My Guitarists girlfriend is having a Sweet 16 and asked me to shoot it. I was wondering about how much an hour you would charge. I can't remeber exactly what he told me but I think it would be about 6 hours. This wont include prints she said she will pay me seperately for those. Thank you.


----------



## Jim Gratiot

Are you a professional photographer... or do you have any experience shooting this type of event?

That will make a difference regarding how much you should charge.

Just as a reference point, one of my clients (with 1 year experience) charges $150.00 an hour for any type of (non-wedding) event... family reunion, birthday, corporate gathering, etc. That includes a CD of images from the event.

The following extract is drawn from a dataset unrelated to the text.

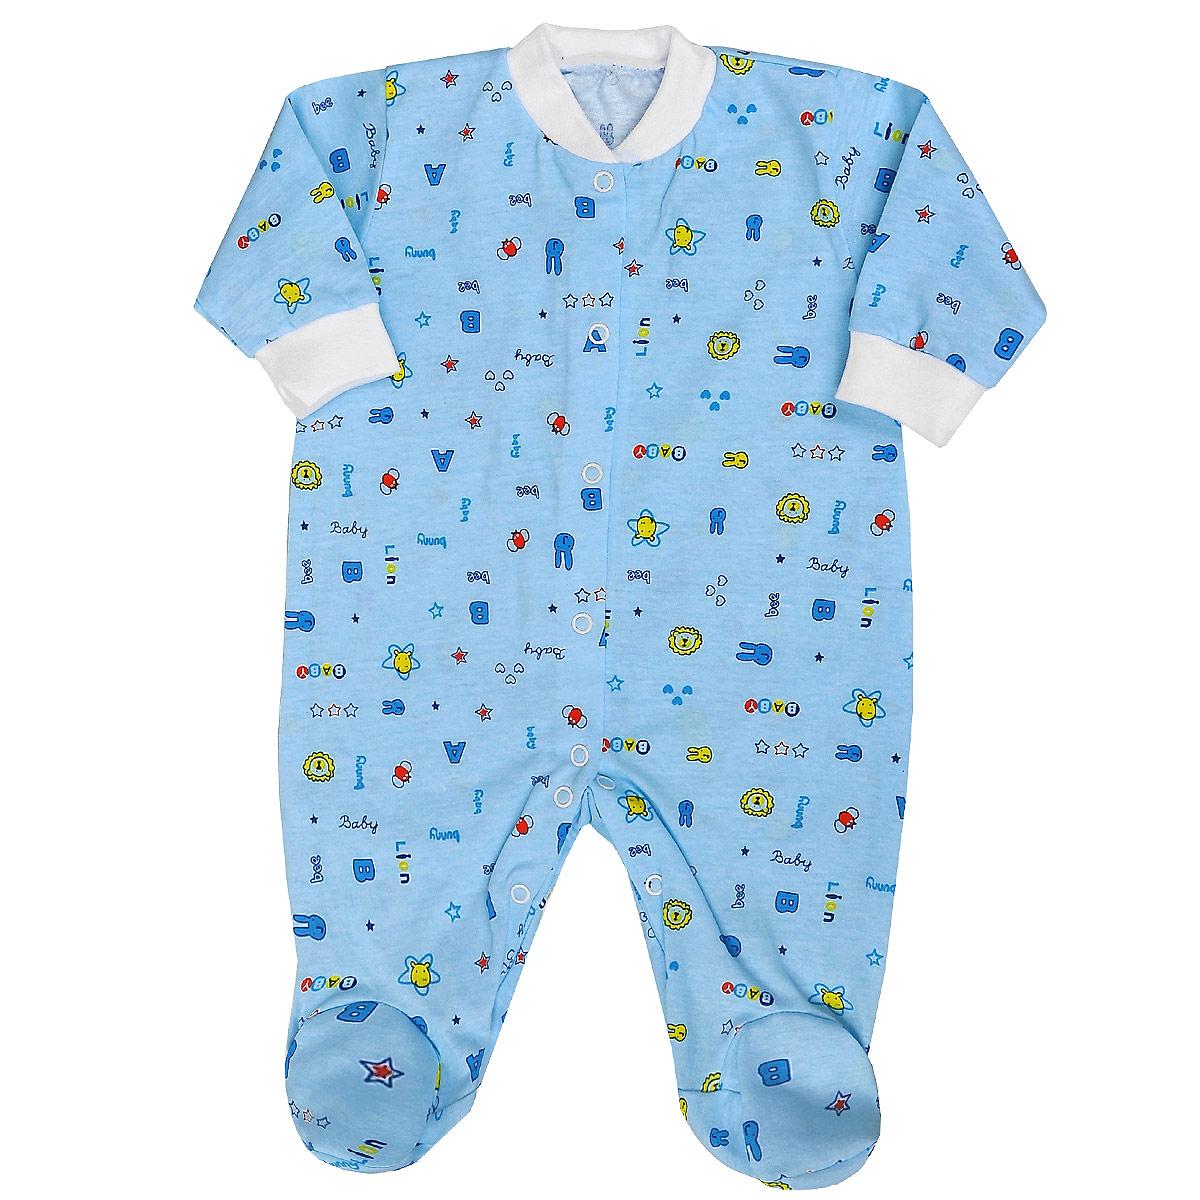 Комбинезон детский Фреш стайл, цвет: голубой. 10-526. Размер 74, 9 месяцев10-526Комбинезон Фреш Стайл станет идеальным дополнением к гардеробу вашего ребенка. Выполненный из натурального хлопка, он необычайно мягкий и приятный на ощупь, не раздражают нежную кожу ребенка и хорошо вентилируется. Комбинезон с длинными рукавами, закрытыми ножками и воротником-стойкой застегивается спереди на кнопки по всей длине и на ластовице, что облегчает переодевание ребенка и смену подгузника. Низ рукавов и горловина дополнены эластичной резинкой.Оригинальное сочетание тканей и забавный рисунок делают этот предмет детской одежды оригинальным и стильным.
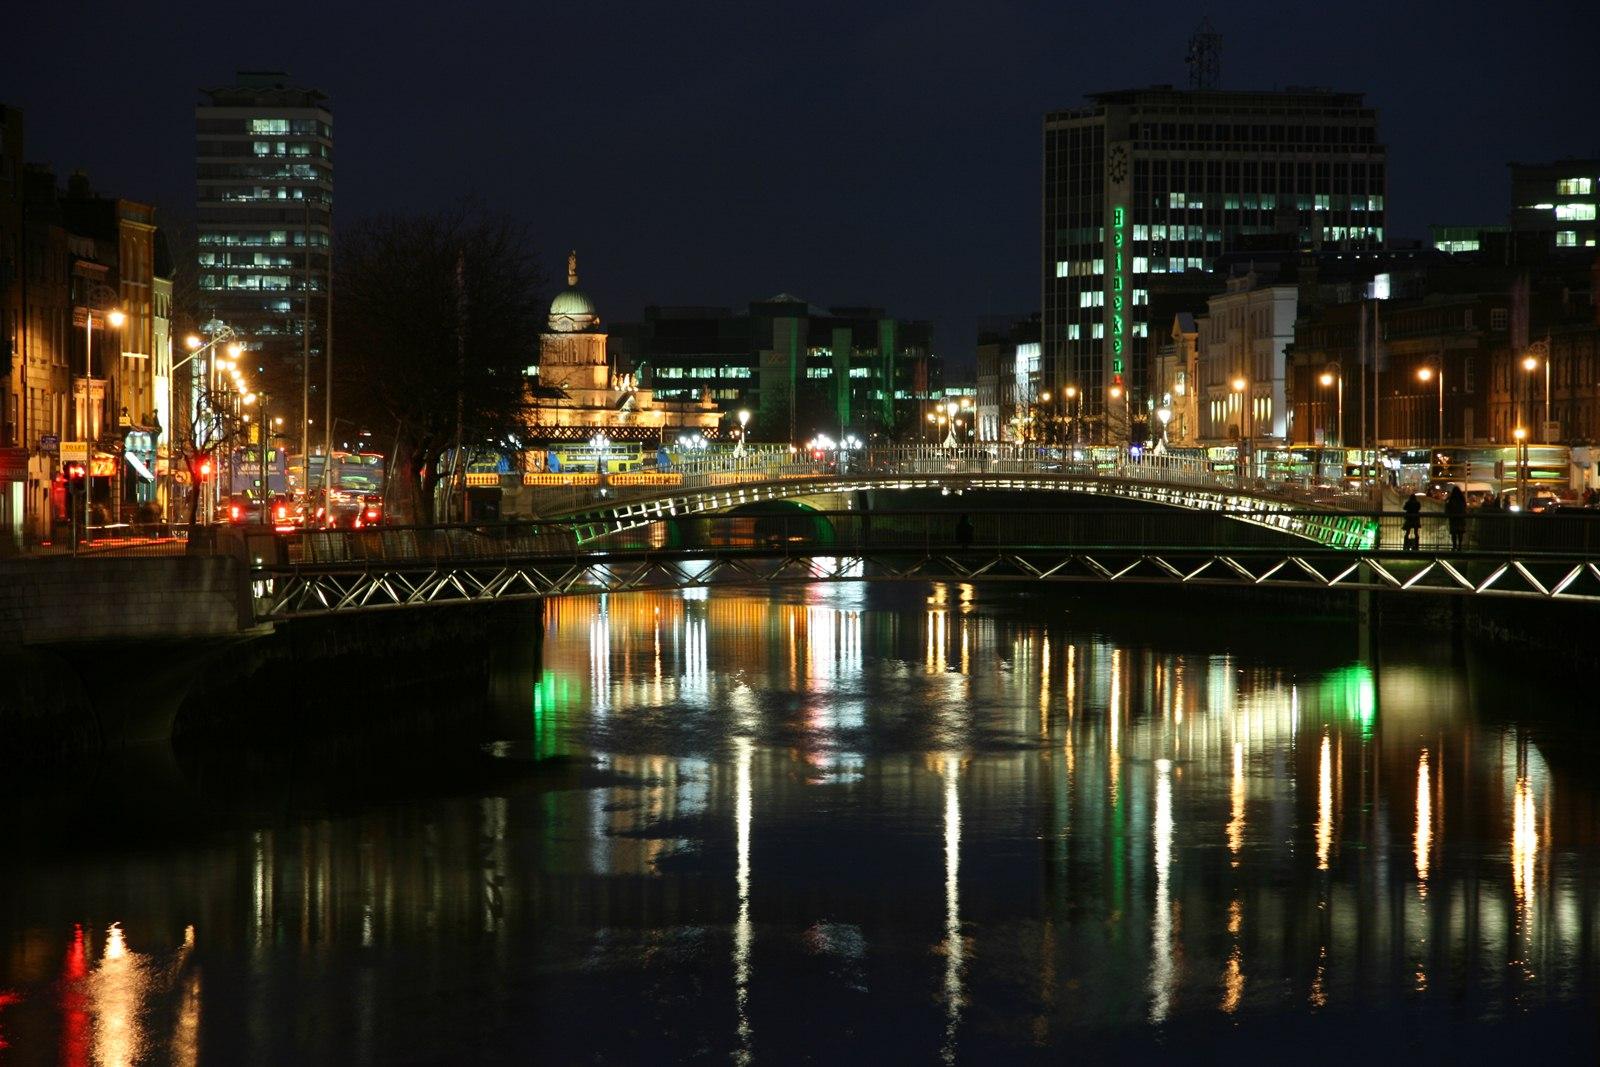 Dublin Ireland Wallpaper - WallpaperSafari

I would also recommend getting at least partial payment up front.

Good luck.


----------



## DeepSpring

I have done several dances and events ike it so I do have experience with it. I'm no where near profession tho


----------



## AprilRamone

I charge $600 for a Bat Mitzvah which includes a pre-ceremony session and 11x14" print in a signature matte as well as a $50 print credit and the cd/dvd negatives.  I consider myself a professional, but I am still gaining experience so I don't charge high prices but I hope to in the future.


----------



## dewey

I think it just depends on you, your market and on your client... my average sweet 16 party with 4 hours of photos is around $1200-$1500 depending on the part of the state I'm in.  That includes 100 wallets for take homes and an 11x14 with an autograph mat.  I also do a quick shoot with the birthday girl a month ahead so I can get the shot for the pix they hand out at the party.

Are you licensed and insured?  Are you shooting with quality equipment?  Do you have references and a portfolio to show?  Those all factor into your pricing.

Also don't ever be afraid to ask if they have a budget.


----------



## xfloggingkylex

on a non-pro level you really have to just go with what you feel is right.  No one here can really judge your experience because confidence plays a large part in pricing.  If you feel you are a good photographer, you will charge more.

This is also effected in that you are helping out a friend (I hope you and your guitarist are friends) so if you are unsure, maybe you should ask him what he feels is ok.

but if it is like one of those super sweet 16s from the MTV show where the kids are rich brats, charge whatever it takes to get the new gear you want


----------



## Efergoh

Do what I do...

check on the pricing of other photographers in your area, and undercut them by at least 1/3.
As your reputation spreads, and your experience expands, and your quality rises...move your price table more inline with the rest of the herd (but stay under them if you can - it is a business afterall)


----------



## DeepSpring

Thanks for all the replies. It turns out the date she had in mind is when my school is putting on its film night at the skirball museum and no way can I miss the premier of my 4 movies this year.


----------